What the task requires —
Output the first line of the listing and each line after it, up to and including the line that contains "Ett vitt lantkök", exactly as written, minus the pictures.

Source data —
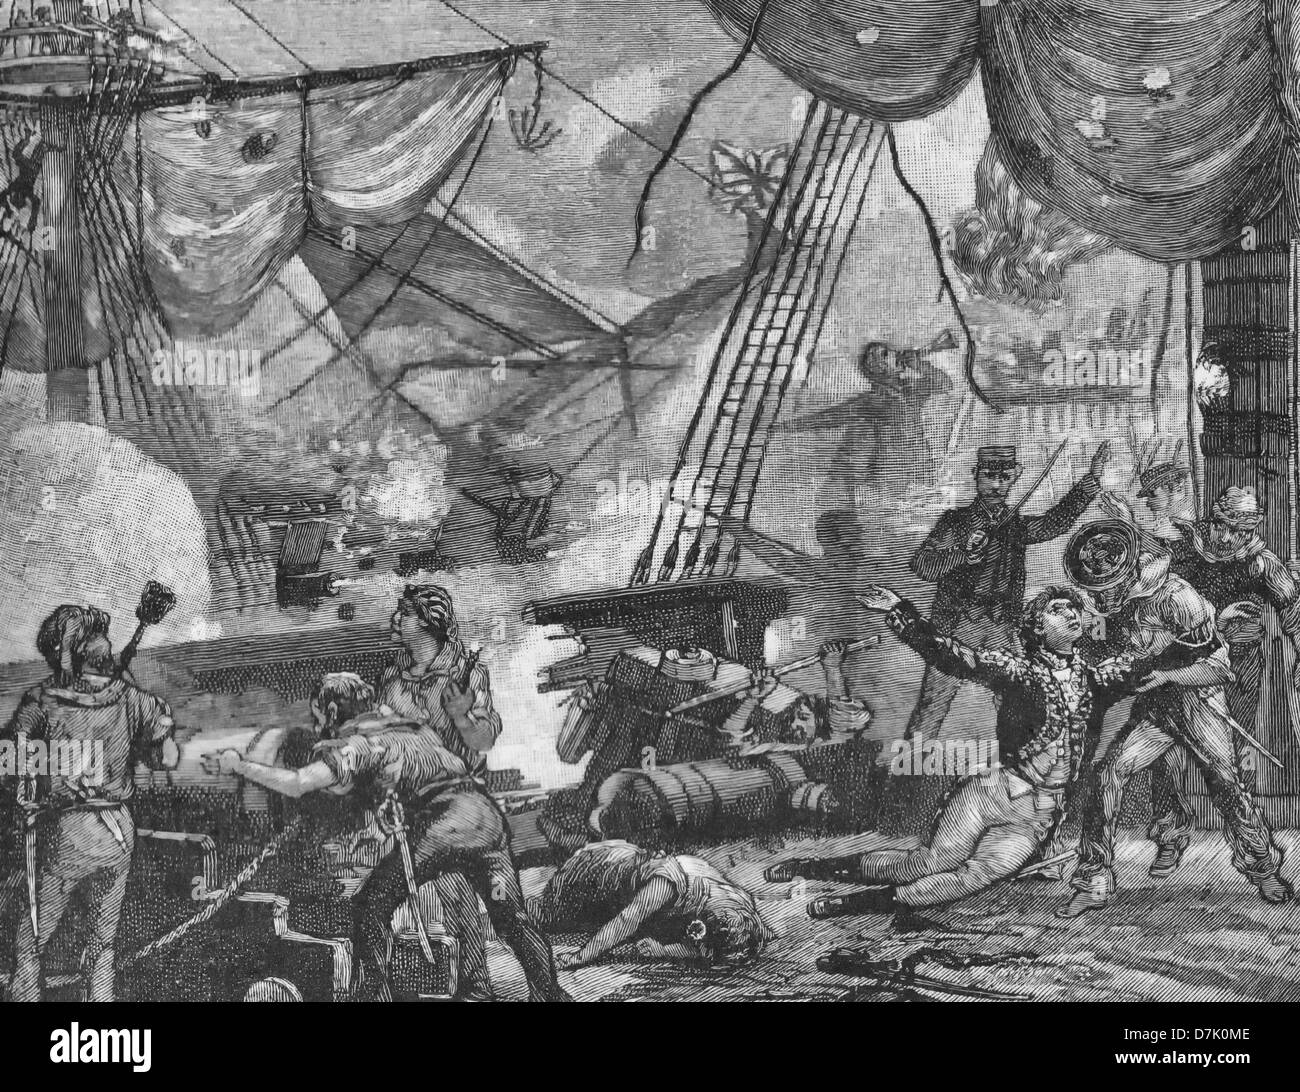 'Don't give up the ship', la commande de mourir de James Lawrence en 1813 à bord du USS Chesapeake durant la guerre de 1812 Banque D'Images
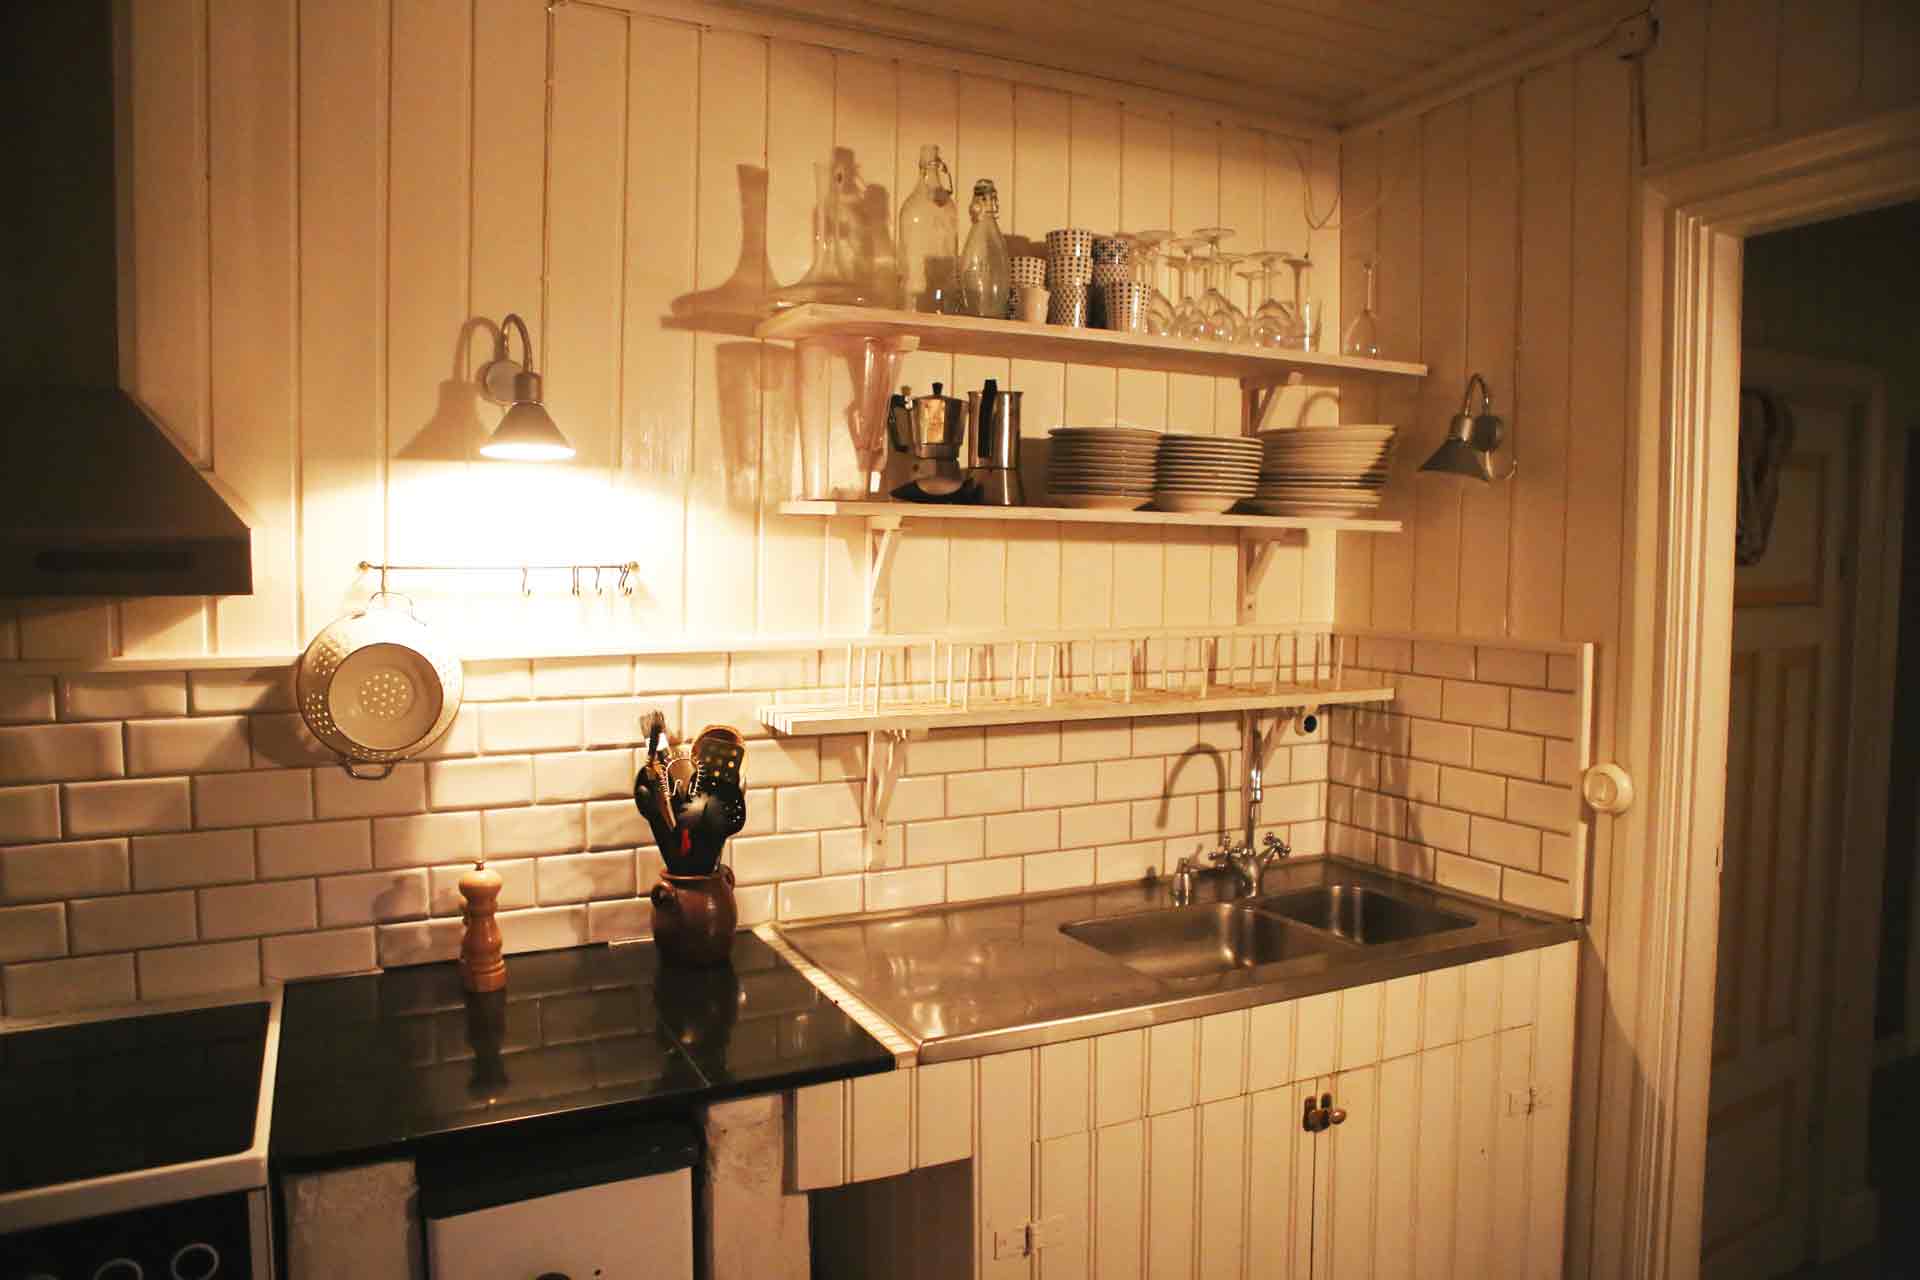 Ett vitt lantkök klätt pärlspont. På väggen står porslin på hyllor ovan diskhon. Arkitekt är Anders Frelin.
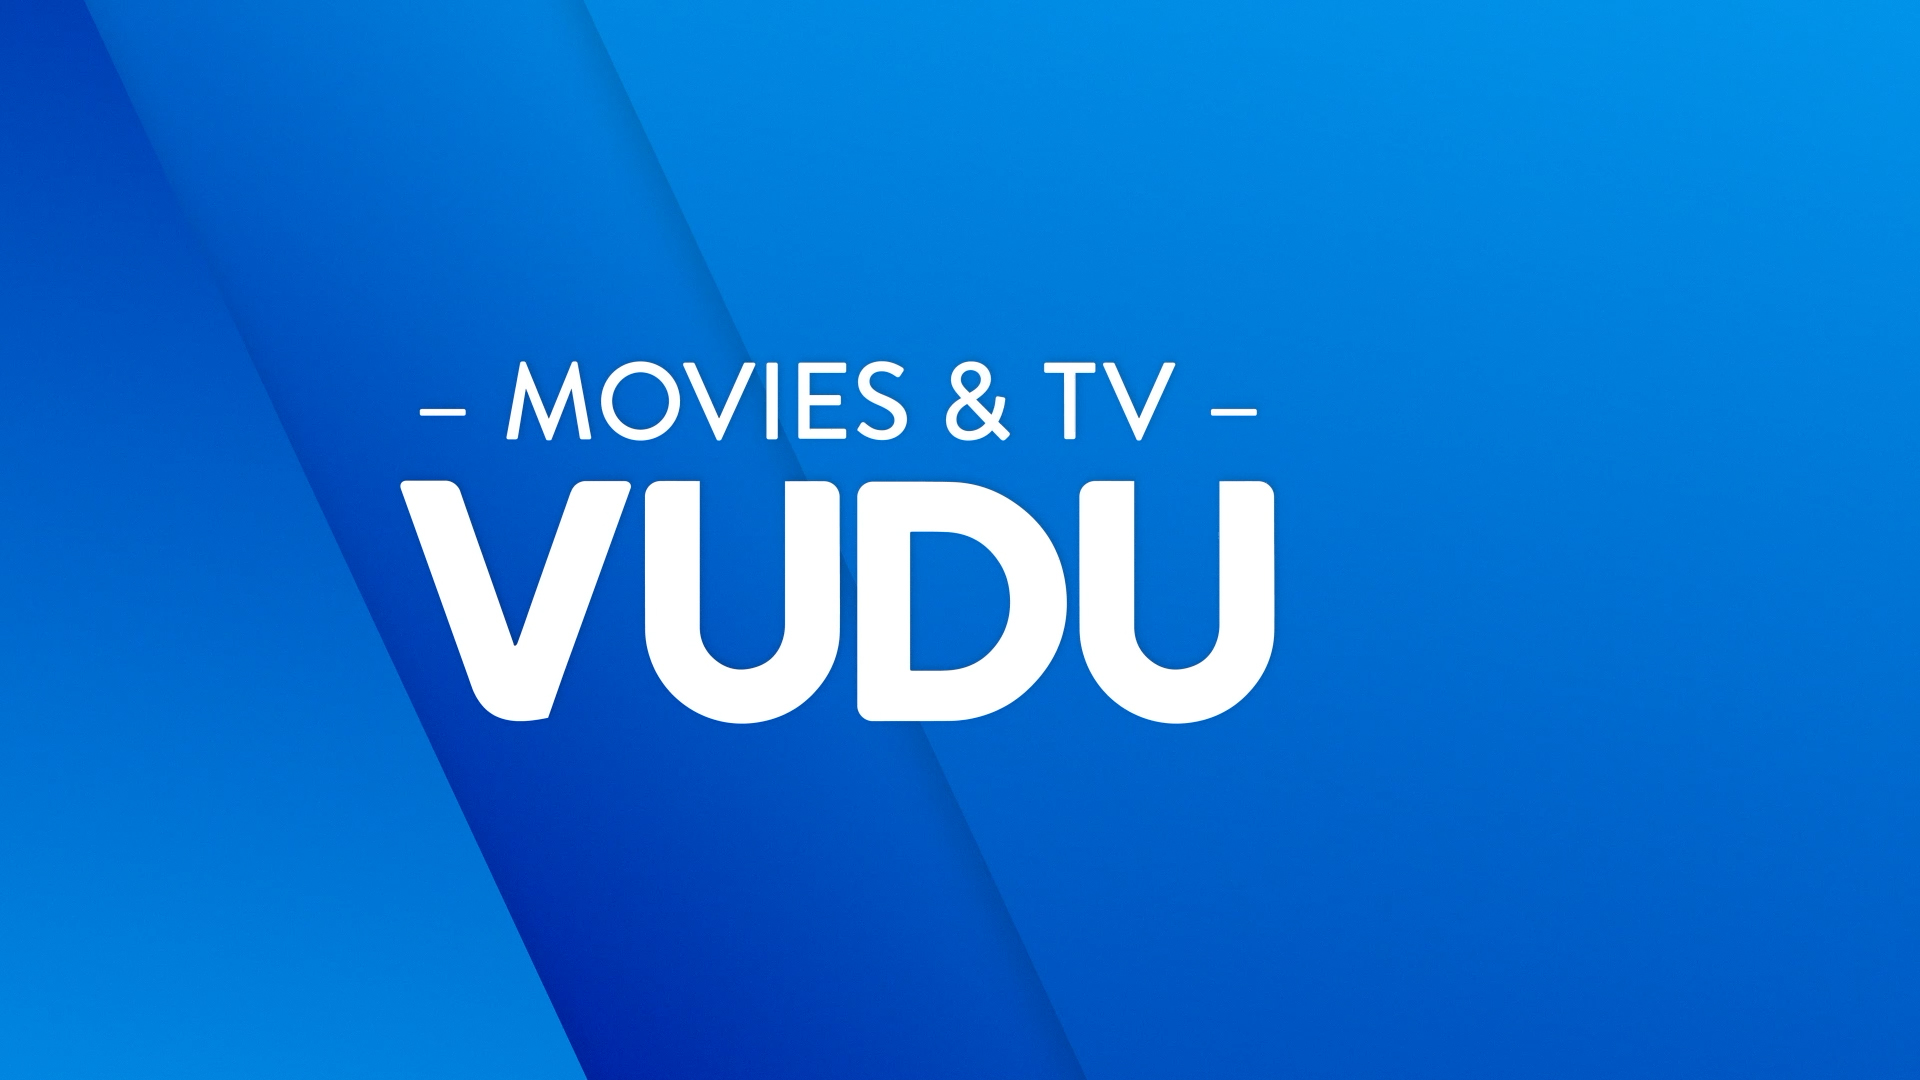 Vudu  Launches on Xfinity X1 and Xfinity Flex
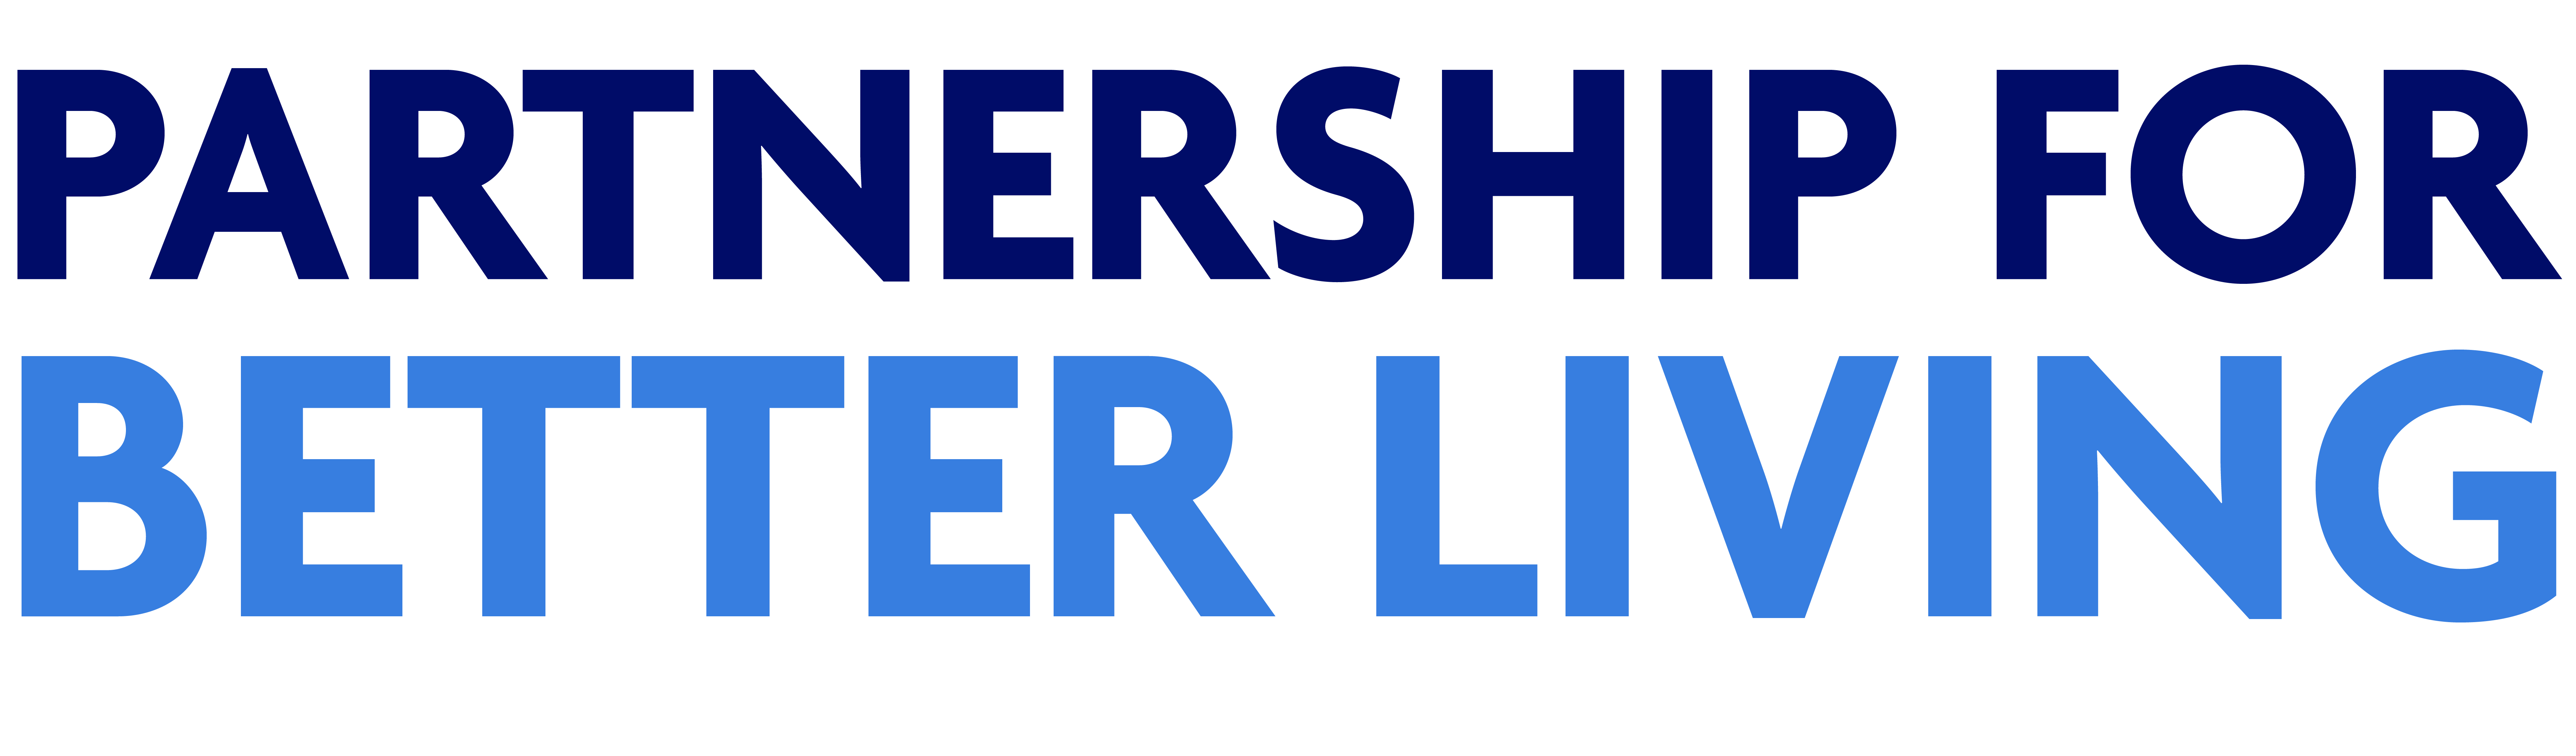 Partnership for Better Living logo

Response for this exercise —
 'Don't give up the ship', la commande de mourir de James Lawrence en 1813 à bord du USS Chesapeake durant la guerre de 1812 Banque D'Images
 Ett vitt lantkök klätt pärlspont. På väggen står porslin på hyllor ovan diskhon. Arkitekt är Anders Frelin.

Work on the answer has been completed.